◆ Records supplied:
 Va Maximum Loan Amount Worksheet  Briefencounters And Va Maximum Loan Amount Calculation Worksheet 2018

==

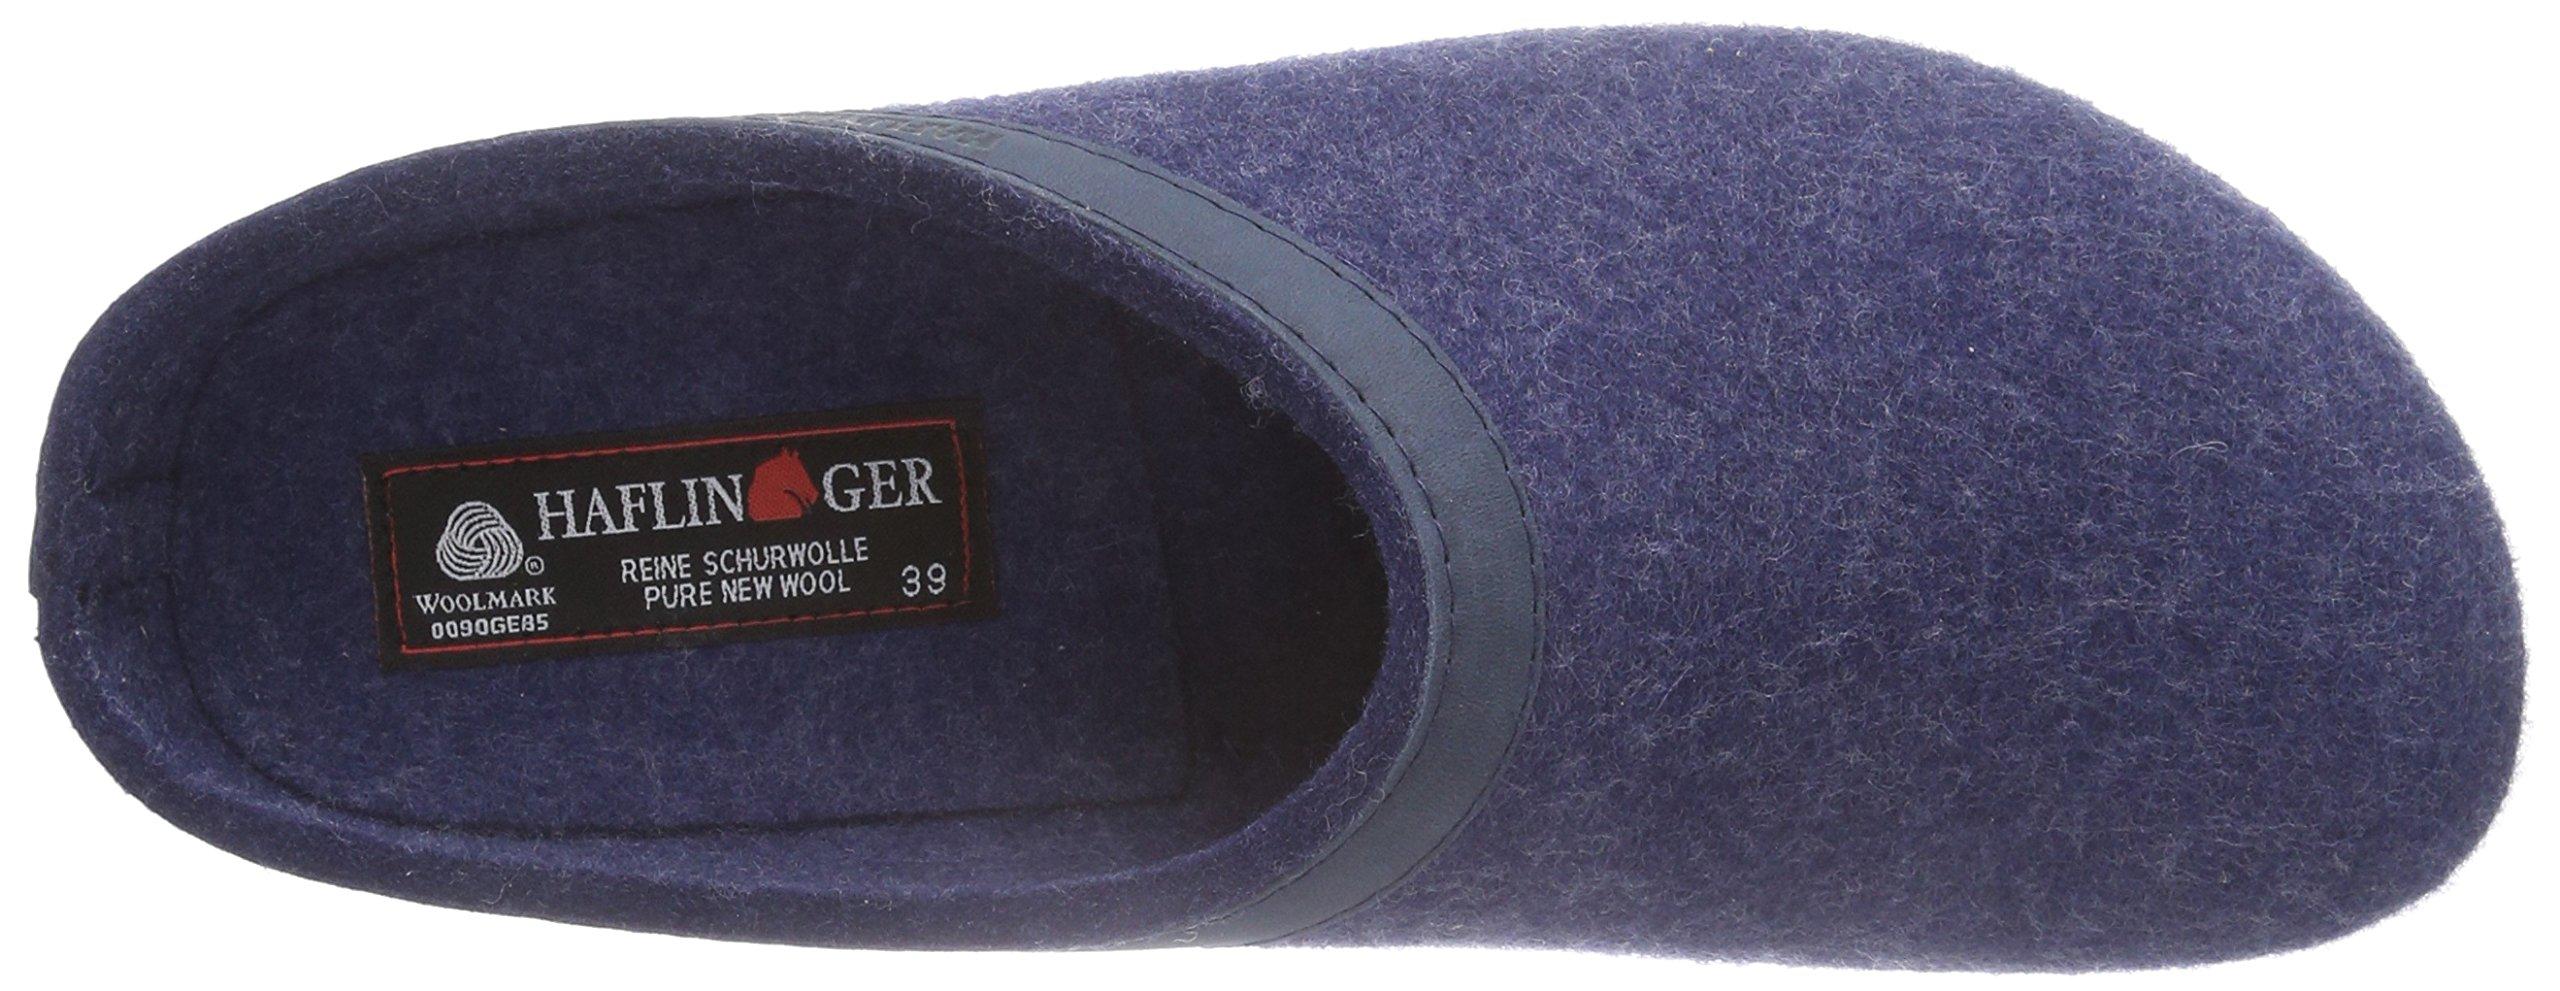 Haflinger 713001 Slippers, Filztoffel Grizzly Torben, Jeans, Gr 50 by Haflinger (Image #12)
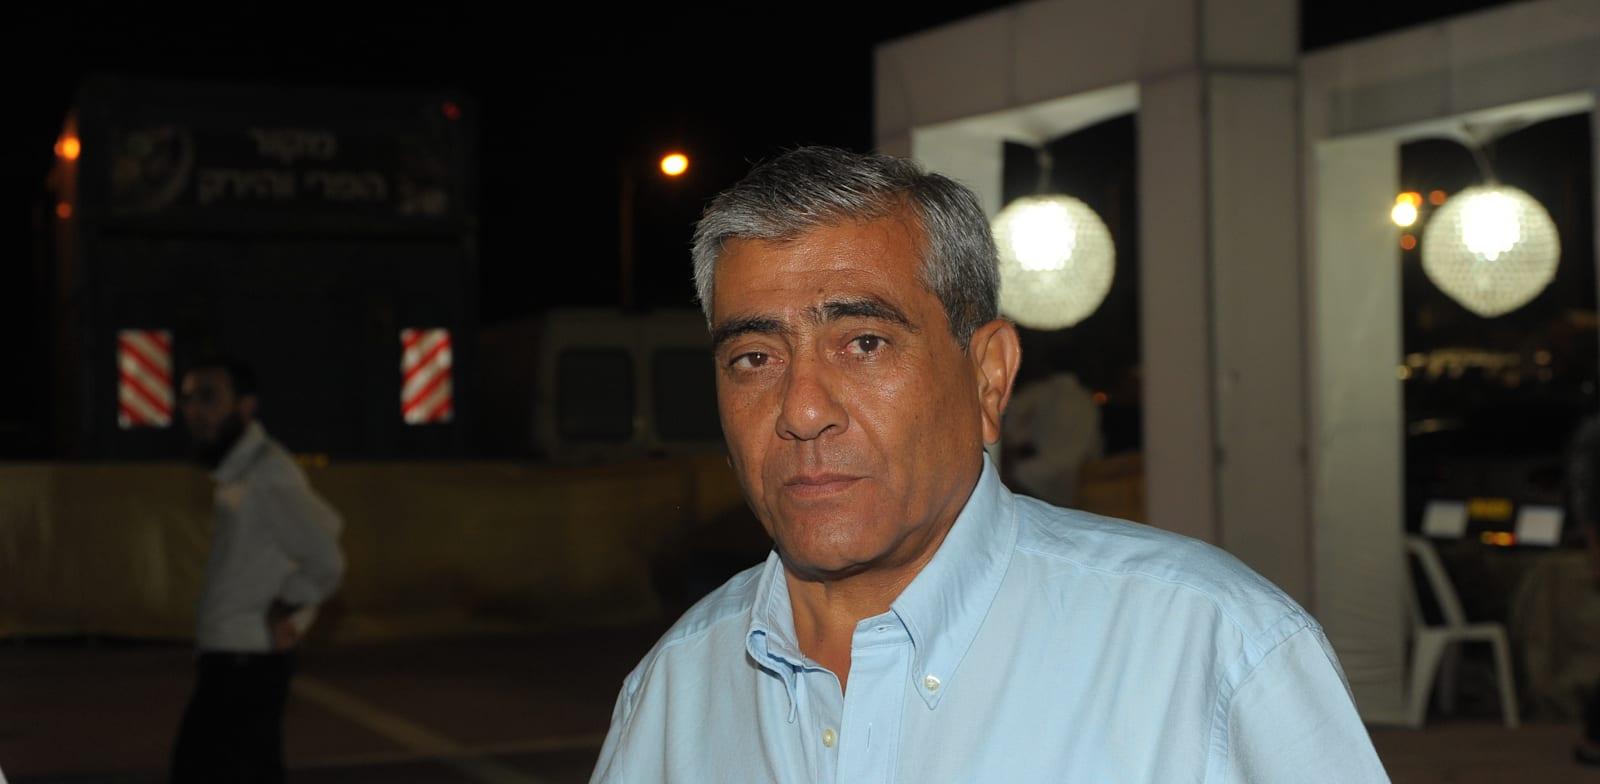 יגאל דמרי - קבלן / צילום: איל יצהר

* * *

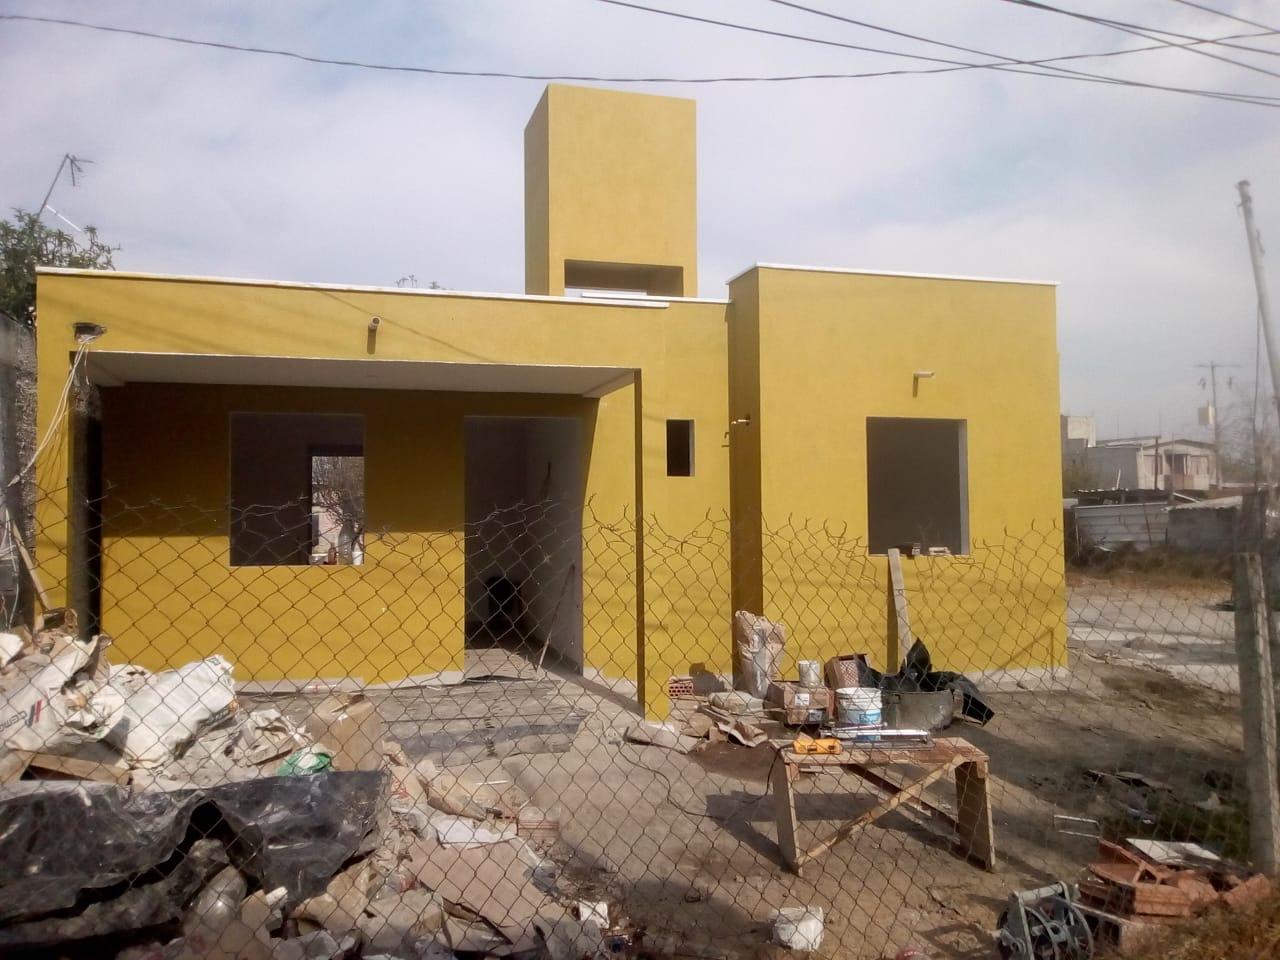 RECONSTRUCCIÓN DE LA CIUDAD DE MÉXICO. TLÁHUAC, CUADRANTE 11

◆ Task:
Look above for the line with "Haflinger 713001 Slippers, Filztoffel" and the line with "יגאל דמרי - קבלן / צילום: איל יצהר", then copy them and all lines in between exactly as written, and only those, without any pictures.

◆ Result:
 Haflinger 713001 Slippers, Filztoffel Grizzly Torben, Jeans, Gr 50 by Haflinger (Image #12)
 יגאל דמרי - קבלן / צילום: איל יצהר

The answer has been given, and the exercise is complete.